--- Problem to work on ---
Transcribe all the data below exactly, leaving its pictures out.

--- Dataset content ---
┄┄┄┄┄┄┄┄┄┄┄┄┄┄┄┄┄┄┄┄
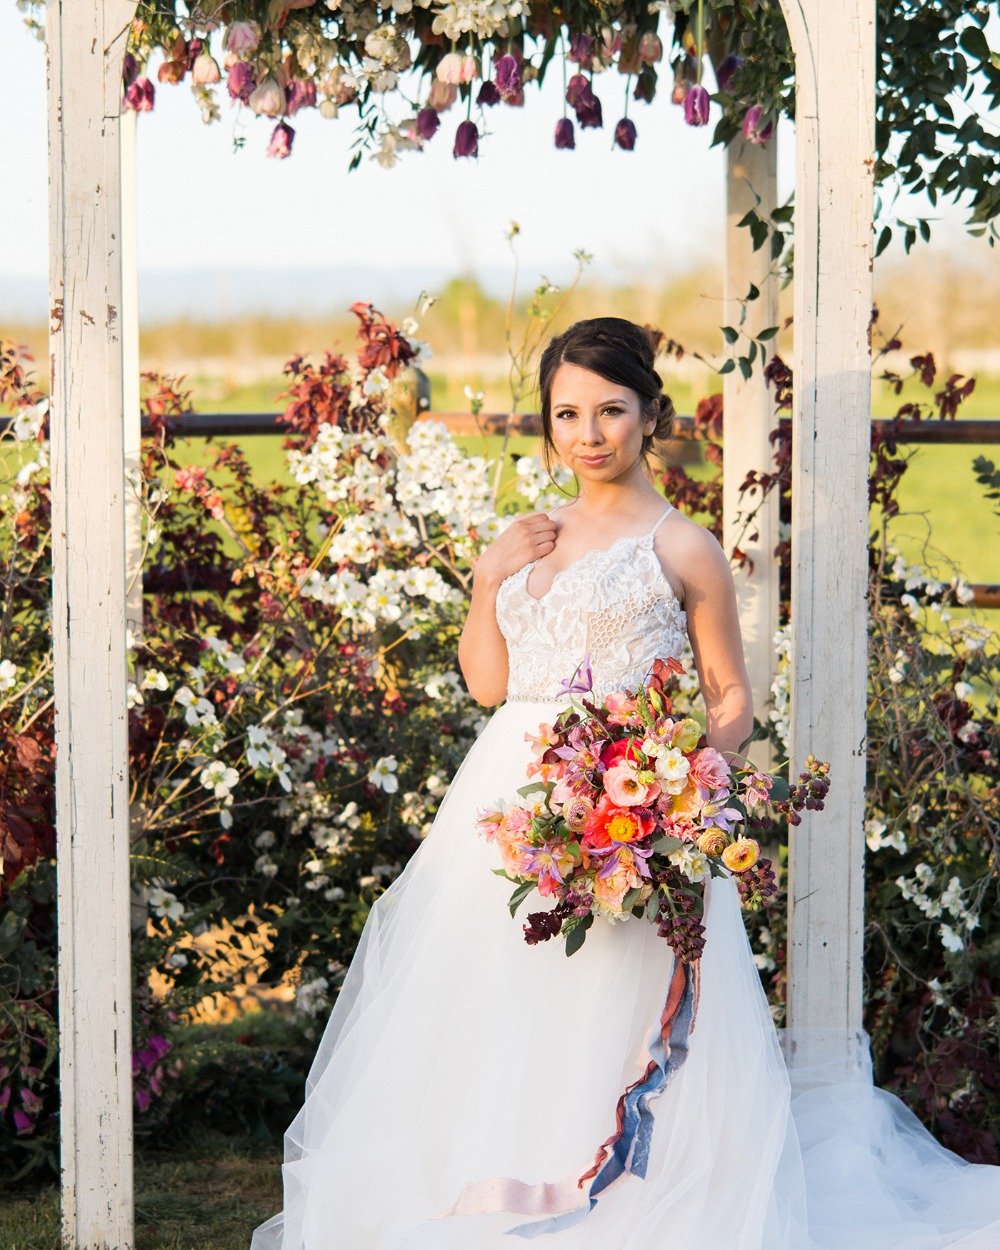 romantic wedding backdrop flower arch
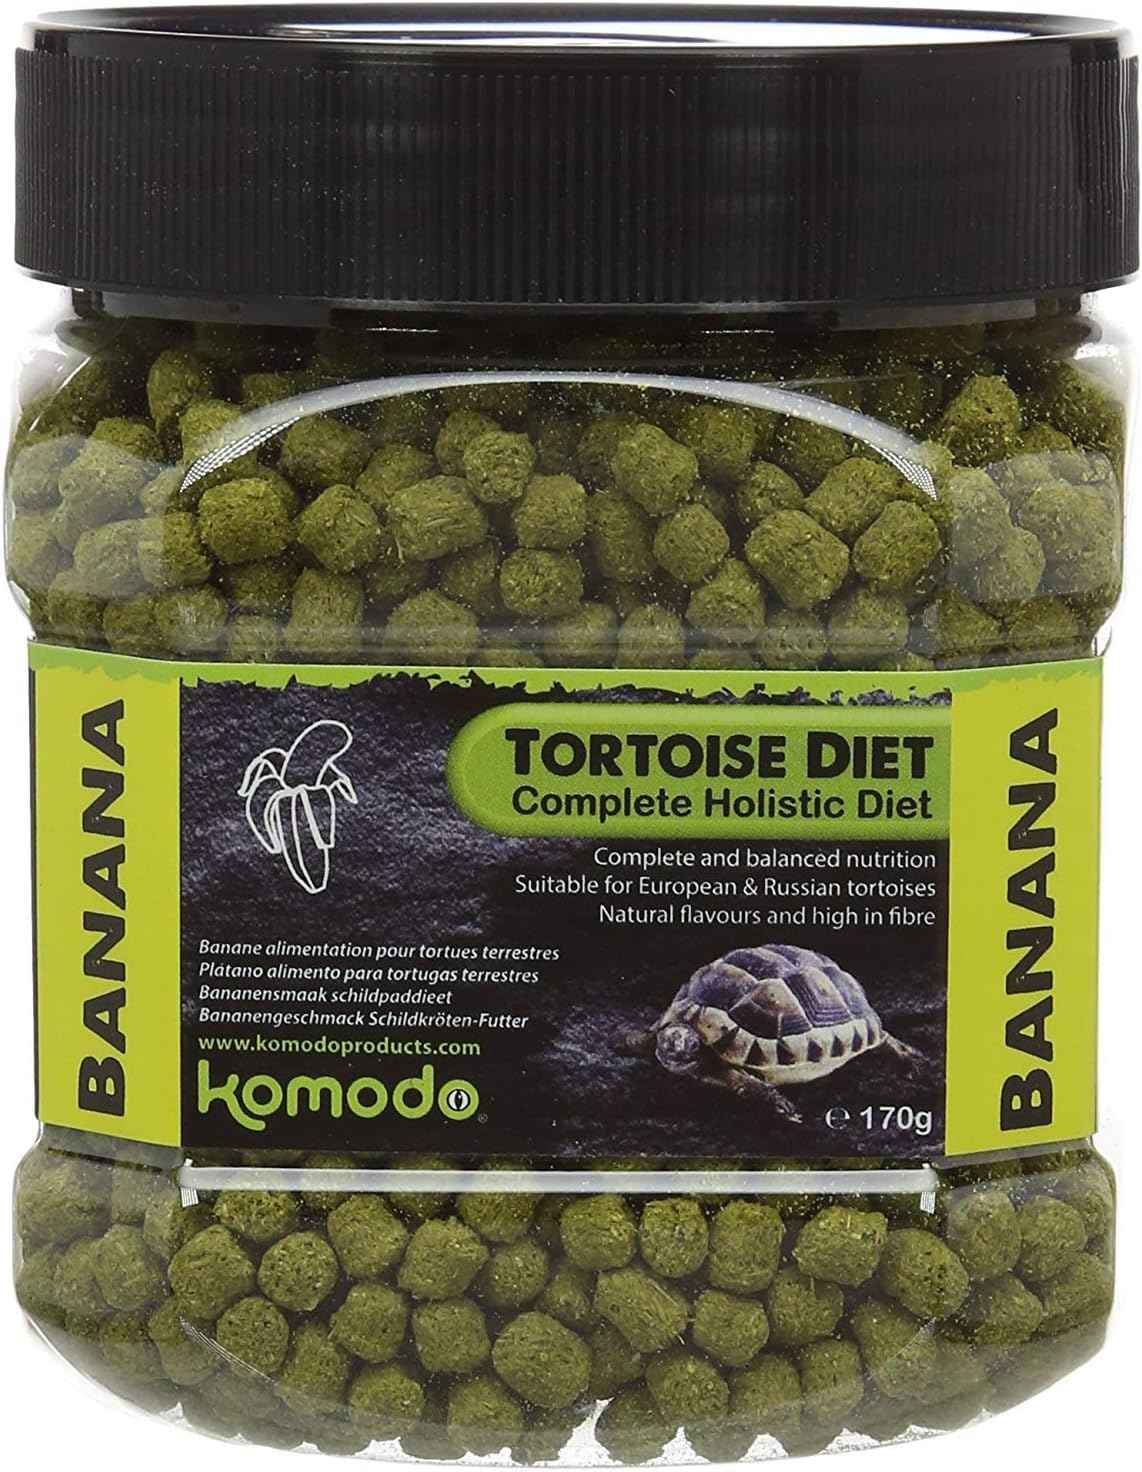 komodo-tortoise-diet-banana-170-gr-nourriture-saveur-banane-pour-tortues-de-terre
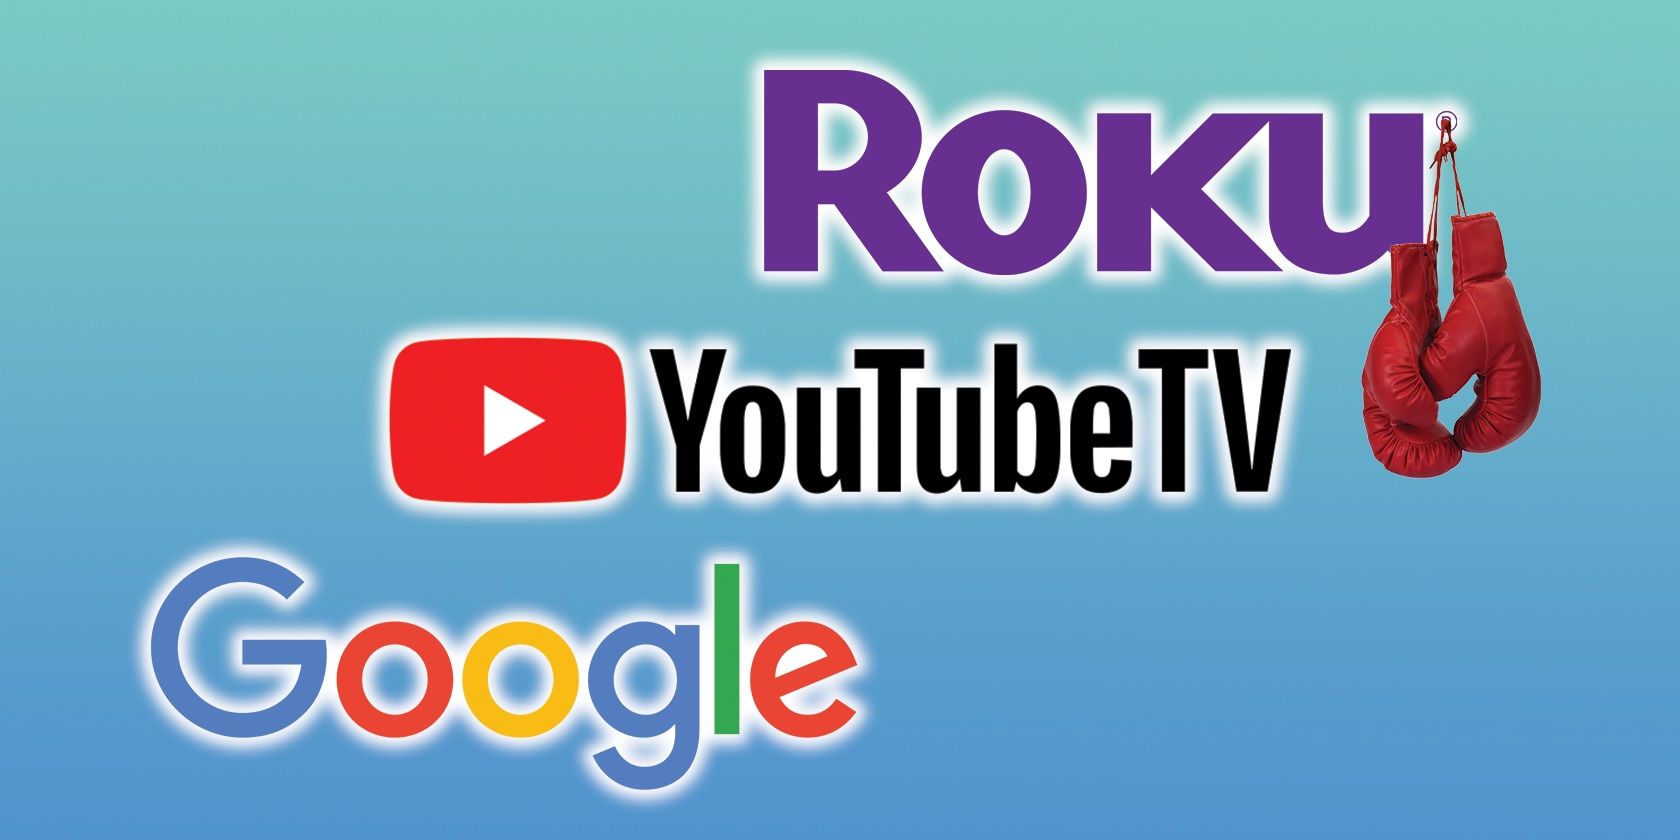 YouTube TV google Roku
┄┄┄┄┄┄┄┄┄┄┄┄┄┄┄┄┄┄┄┄
--- Answer space ---
 romantic wedding backdrop flower arch
 komodo-tortoise-diet-banana-170-gr-nourriture-saveur-banane-pour-tortues-de-terre
 YouTube TV google Roku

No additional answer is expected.